The adaptation phase is probably the most widely-misunderstood aspect of LCHF. Sometimes called ‘keto’ (short for ketosis), it involves a two-week period of extreme carbohydrate restriction. 25g net carbs is typical. Your body is essentially forced to burn only fat for energy – because nothing else is available. When carbohydrates are cautiously reintroduced, it carries on using that fat-burning pathway.
To achieve adaptation, you’ll go cold turkey on sugar, bread, pasta, potatoes, and ALL other sources of starch. You’ll eat a lot of salads and vegetables. You’ll add fats and oils – that typically means cooking with butter, making dressings with oils, and using fatty cuts of meat. You’ll be using cream instead of milk. You certainly won’t be eating dessert, although jelly (without sugar) is fine.
Most people feel slightly uncomfortable during this period. Ketones are excreted in the urine until your body starts to figure out what to do with them (people often use ketone test strips to check this, which indicates things are going according to plan). Although the term ‘keto flu’ is used, it’s nothing like flu: at worst, it’s that mild feeling of malaise that you get when you’re coming down with a cold, and it passes in about 3 days.
Detractors will assert that this is outrageously dangerous, "because ketone bodies acidify the blood". This is nonsense. Your blood pH is buffered, and ketone concentrations are regulated. Unless the buffering action is overwhelmed by an enormous quantity of ketones – something that can happen to diabetics and alcoholics – there is nothing unsafe about ketosis.
The naysayers will also assert that attaining ketosis demands such a boring diet (this is true) that nobody can stick to it for any length of time (also true). However, unless you want to, there is no need to do so for more than a couple of weeks. After that, you’re into a weight-loss phase.

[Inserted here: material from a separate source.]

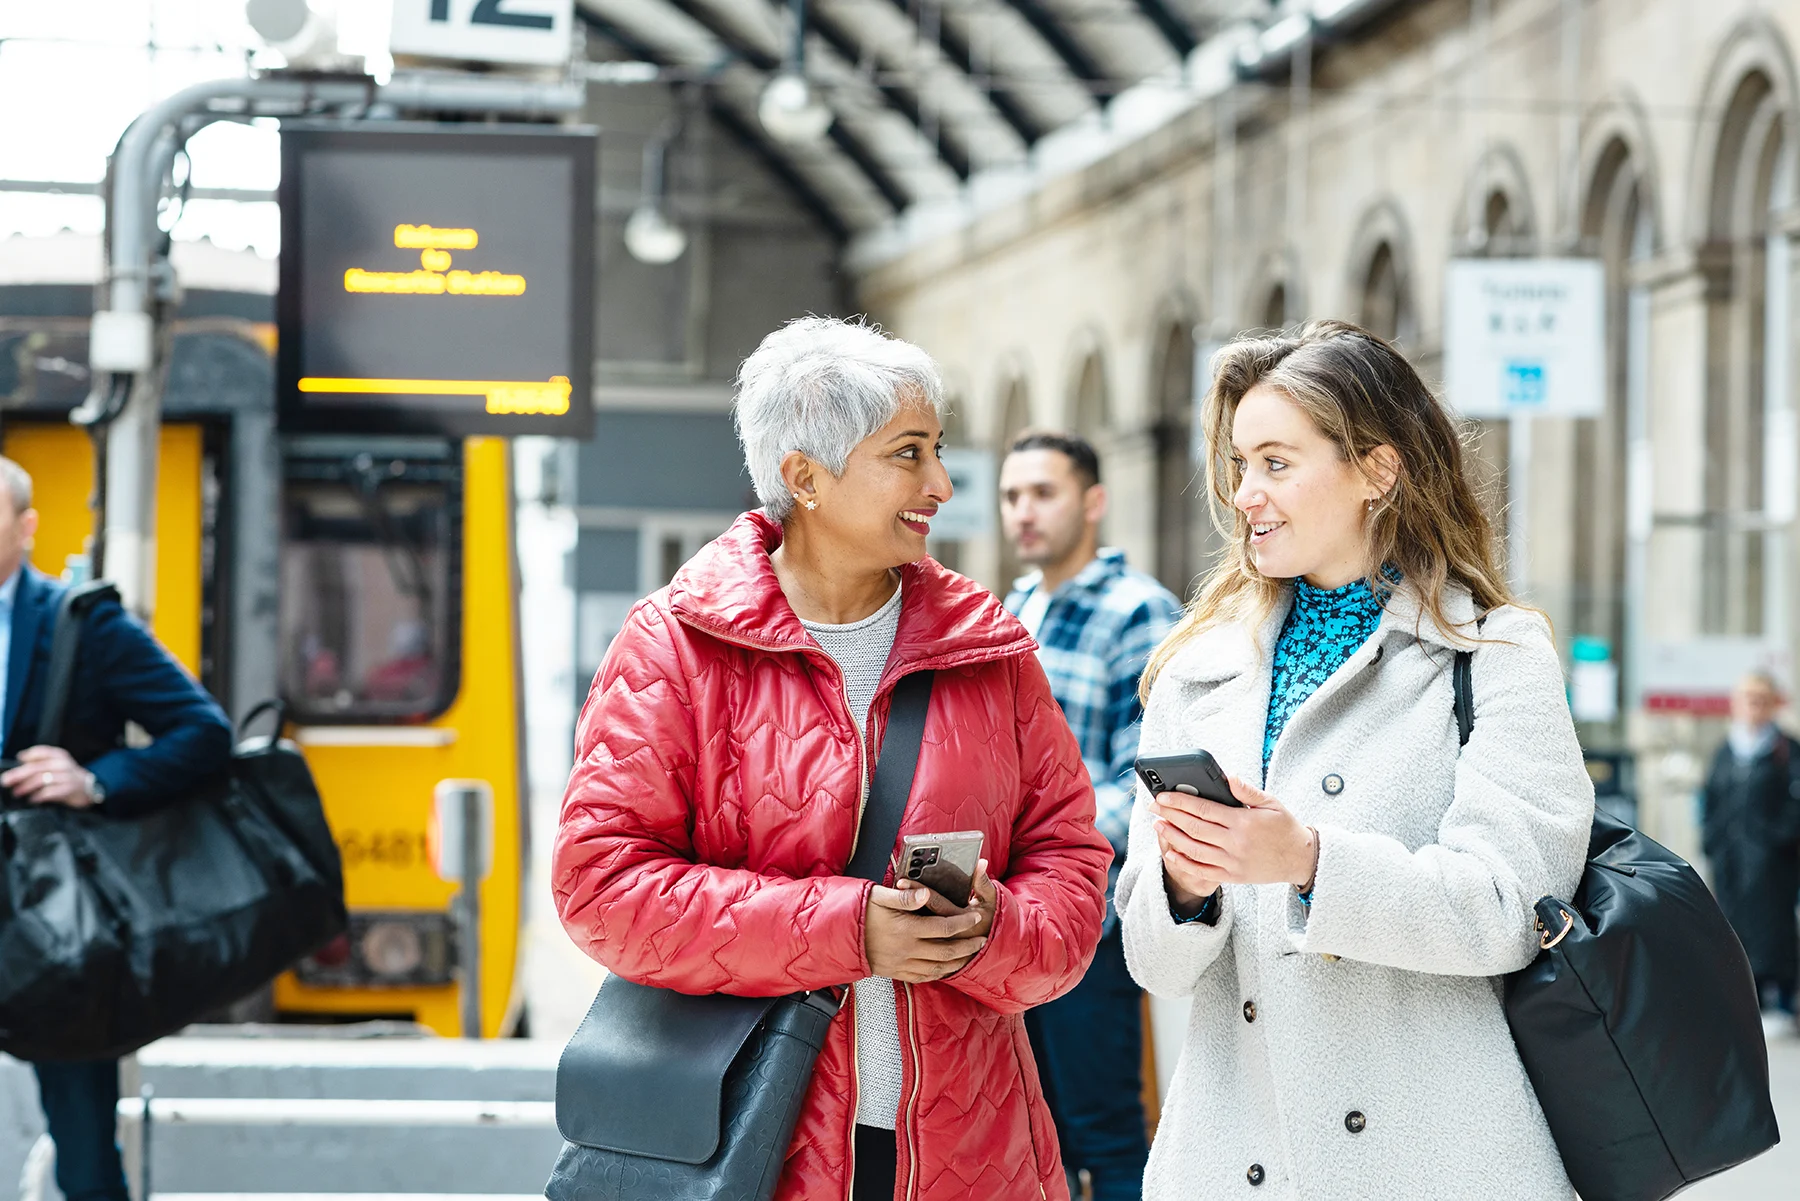 A middle-aged woman with short grey hair and a younger woman with long brown/blonde hair chat at a train station while checking their phones. 
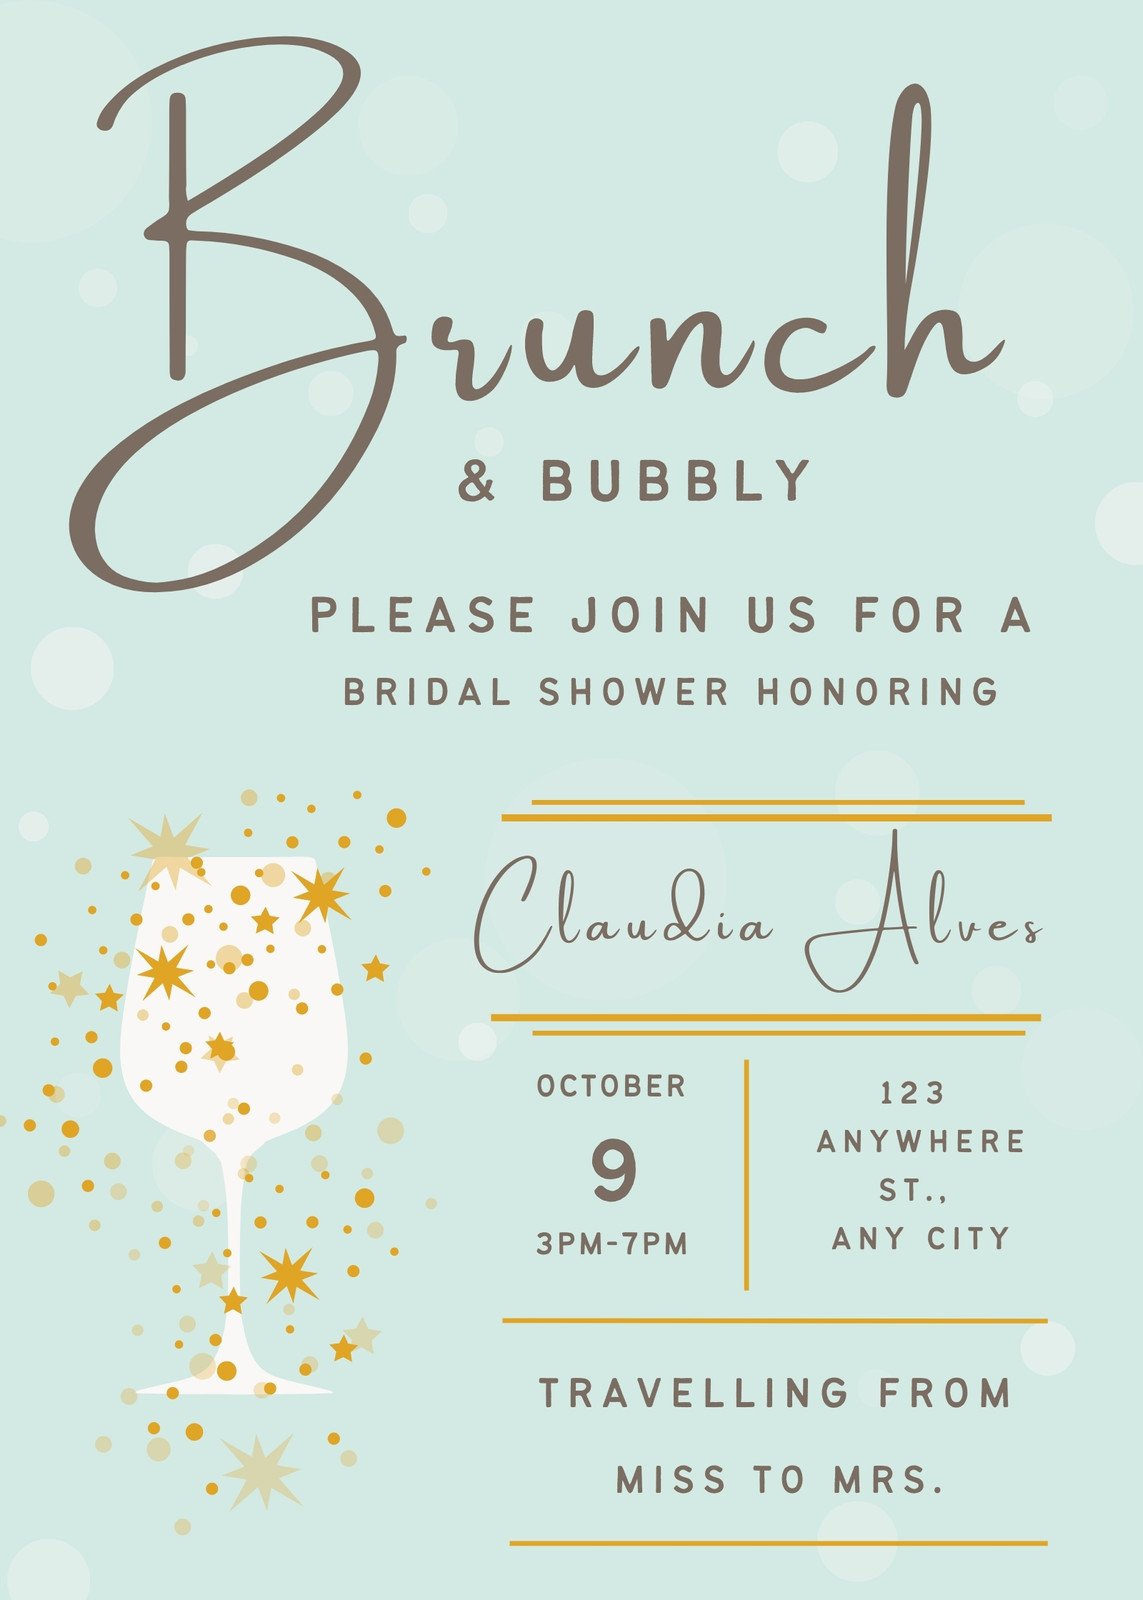 Lunch Invitation Examples - 34+ Templates, and Design Ideas - PSD, AI, Word  | Examples

Atkins, in his book, describes an overly-cautious approach to the weight-loss phase. Subsequent research suggests that, once induction has been achieved, most people can eat almost anything as long as they avoid sugar, potatoes, and flour-based products, and they will continue to lose weight. Carrots, fruit, and even things like icecream and chocolate, are OK in moderation.
Once you’ve achieved your desired weight – which will likely happen very rapidly – you’re into the maintenance phase, and here’s where the real magic happens. You’ll find that you no longer WANT to eat things that make you fat. Your appetite is working again. Far from being “impossible to adhere to”, LCHF feels the most natural thing in the world.